HUMANITARIAN DISASTER

In 2013, the U.N. labelled the Syria war as the worst humanitarian disaster since the Cold War. Things since then have only gotten worse.

Nearly 5 million Syrians are registered with the U.N. as refugees — that is, displaced beyond Syria’s borders — in what is the largest refugee population today. The U.N. refugee agency says a further 6.5 million are displaced inside the country. Some 600,000 Syrians are trapped in sieges, needing urgent access to food and medical supplies, the U.N. says. A further 250,000 are trapped by government forces in eastern Aleppo.

Reliable casualty estimates are hard to come by. When the U.N. stopped tallying those killed in the summer of 2015, its count stood at a quarter-million dead. Other observers put the death toll between 280,000 and 470,000. Various charities and international organizations warn of a lost generation of Syrian children that suffers from psychosocial trauma and has been cut off from basic schooling and health services.

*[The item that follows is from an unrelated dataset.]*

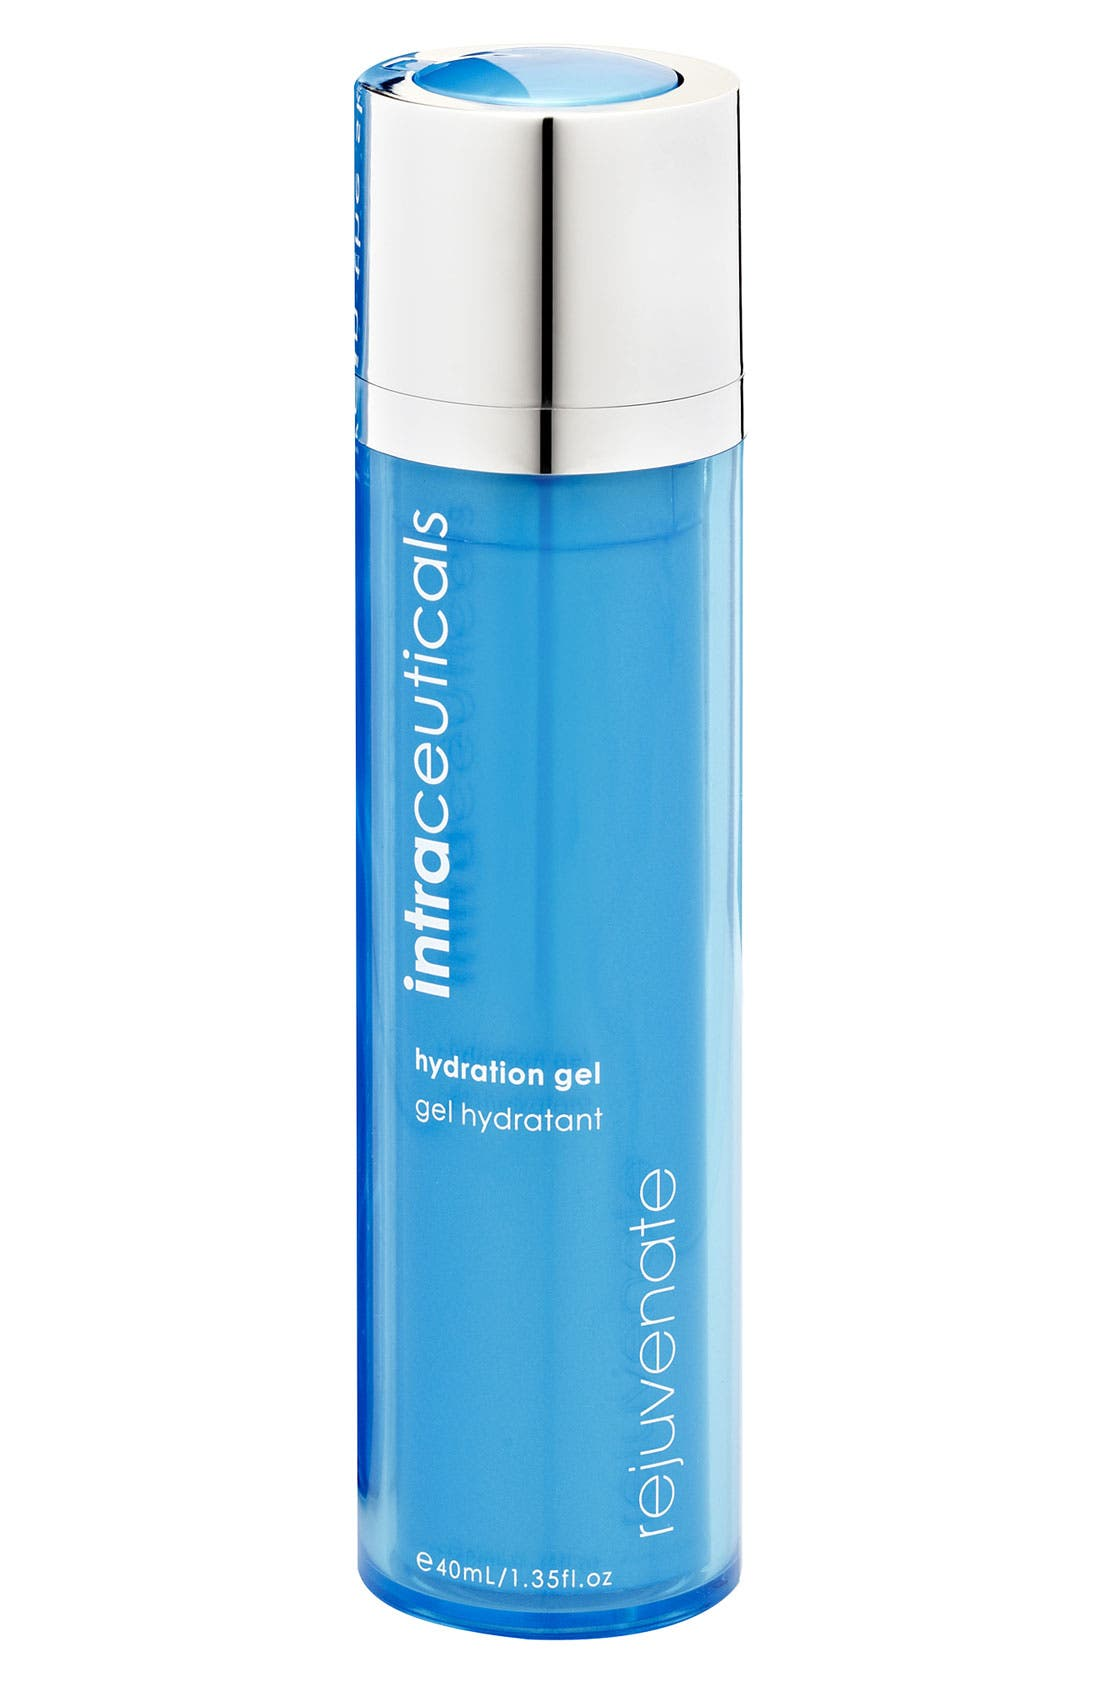 intraceuticals® 'Rejuvenate' Hydration Gel
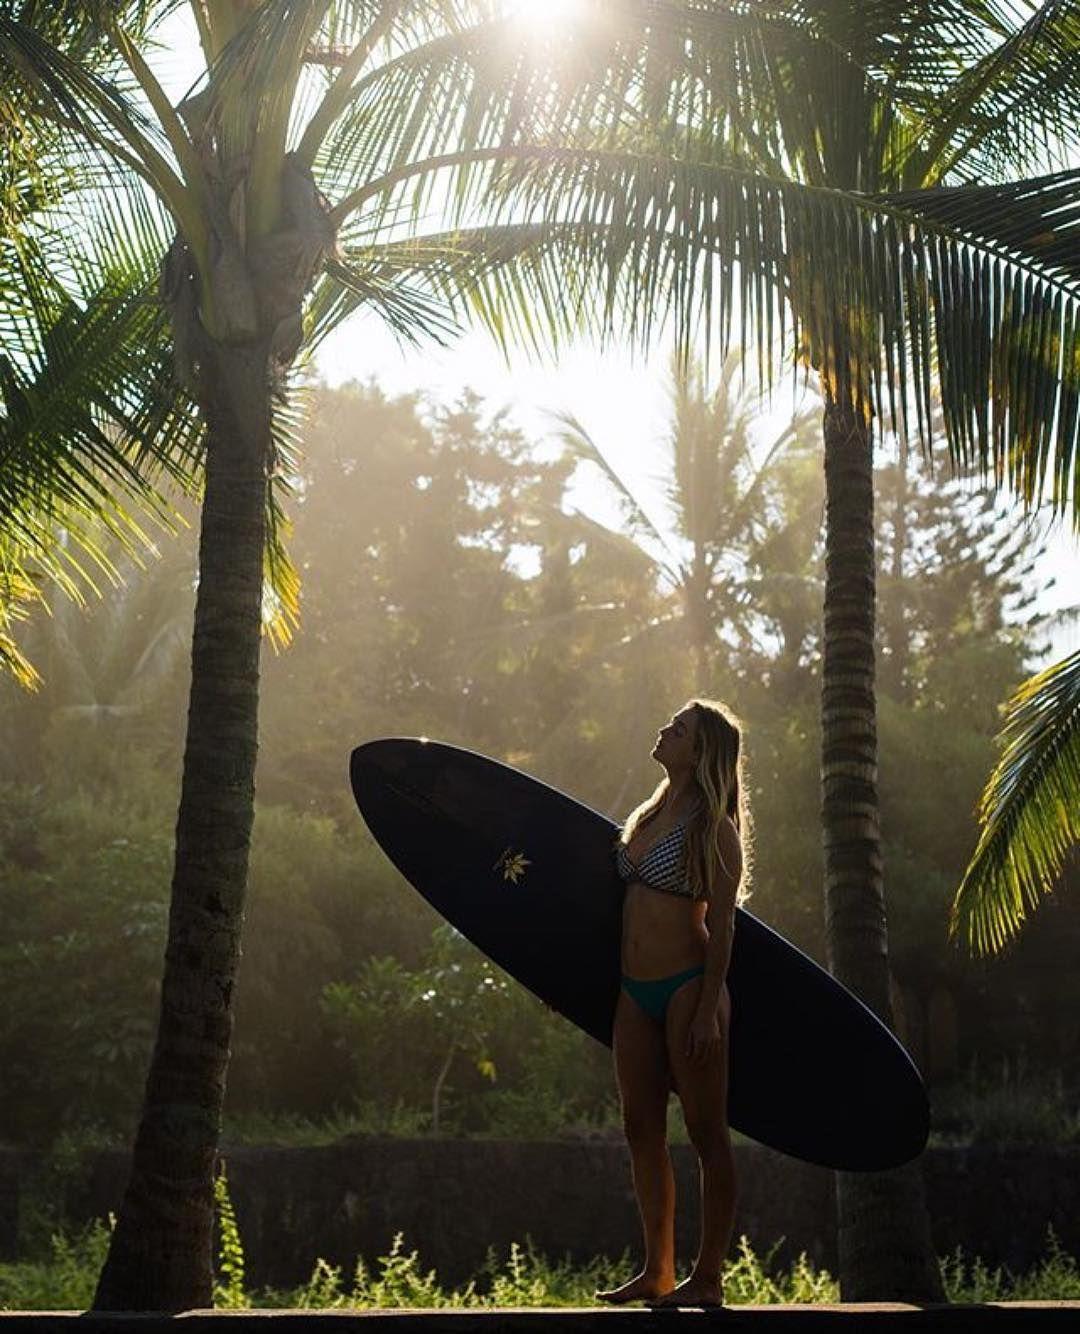 "2,465 Likes, 14 Comments - prAna (@prana) on Instagram: ""You can almost feel the ocean mist. - prAna Ambassador @annaehrgott 📸 @hisarahlee - - - #surf…"""

FIGHT AGAINST ISLAMIC STATE GROUP

The global war against the Islamic State group continues to be the priority for foreign governments involved in Syria. A U.S.-led coalition is working with predominantly Kurdish ground forces fighting IS, providing air and other logistical support. Despite significant loss of territory over the past year, IS still holds on to the city of Raqqa as the militant group’s de facto capital of its self-declared caliphate over parts of Syria and Iraq, and still has the ability to launch surprise offensives.

The latest battles against IS revolves around Manbij, a vital border satellite to Raqqa. The Syria Democratic Forces, a U.S.-backed alliance of Kurdish and Arab groups, is spearheading the fight in Manbij and by some estimates has managed to secure control of around 60 percent of the town.

RUSSIA-US MILITARY TALKS

The United States and Russia are engaged in talks to boost military cooperation and intelligence sharing in Syria. Much of what happens next depends on whether Moscow and Washington seal the deal. Their coordination is focused on targeting al-Qaida’s affiliate in Syria, the Levant Conquest Front, formerly known as the Nusra Front.

In a pre-emptive move, the group announced last week it had changed its name and disassociated from al-Qaida central — a move dismissed by the U.S., Russia and Syria as merely tactical. The group is embedded with other rebel outfits in Syria and is one of the most effective fighting forces against President Bashar Assad’s troops. An air campaign against the Levant Conquest Front may ultimately be detrimental to the wider anti-Assad opposition. Underlining the group’s major role in the fighting in Aleppo, its leader, Abu Mohammed al-Golani, issued an audio on Friday rallying his fighters and vowing to “crush Russian tyranny … under the feet of the mujahedeen,” or holy warriors, in Aleppo.

PEACE PROSPECTS

The U.N.’s special envoy for Syria has set late August as a target for resuming peace talks, but it’s unclear who could represent the fractured opposition, and with the government on the front foot in Syria, it is unlikely to make any major concessions in Geneva.

This augurs more conflict for the country until the government can secure what some analysts call “useful Syria” — a portion containing the four largest cities and Syria’s Mediterranean coast — while leaving the fates of the jihadi-controlled northwest, the Kurdish-controlled north, and the Islamic State-controlled east to the chess game of international diplomacy.

Looking past the shades of color on the map, there are practically no victors to this war. Even if, or when, the government retakes the alleged target stretch of Syria, it will still face the massive task of rebuilding a shattered economy and wrestling back control from militias and profiteers who have built robust patronage networks that rival the traditional hierarchies of the Assad family’s authoritarian rule.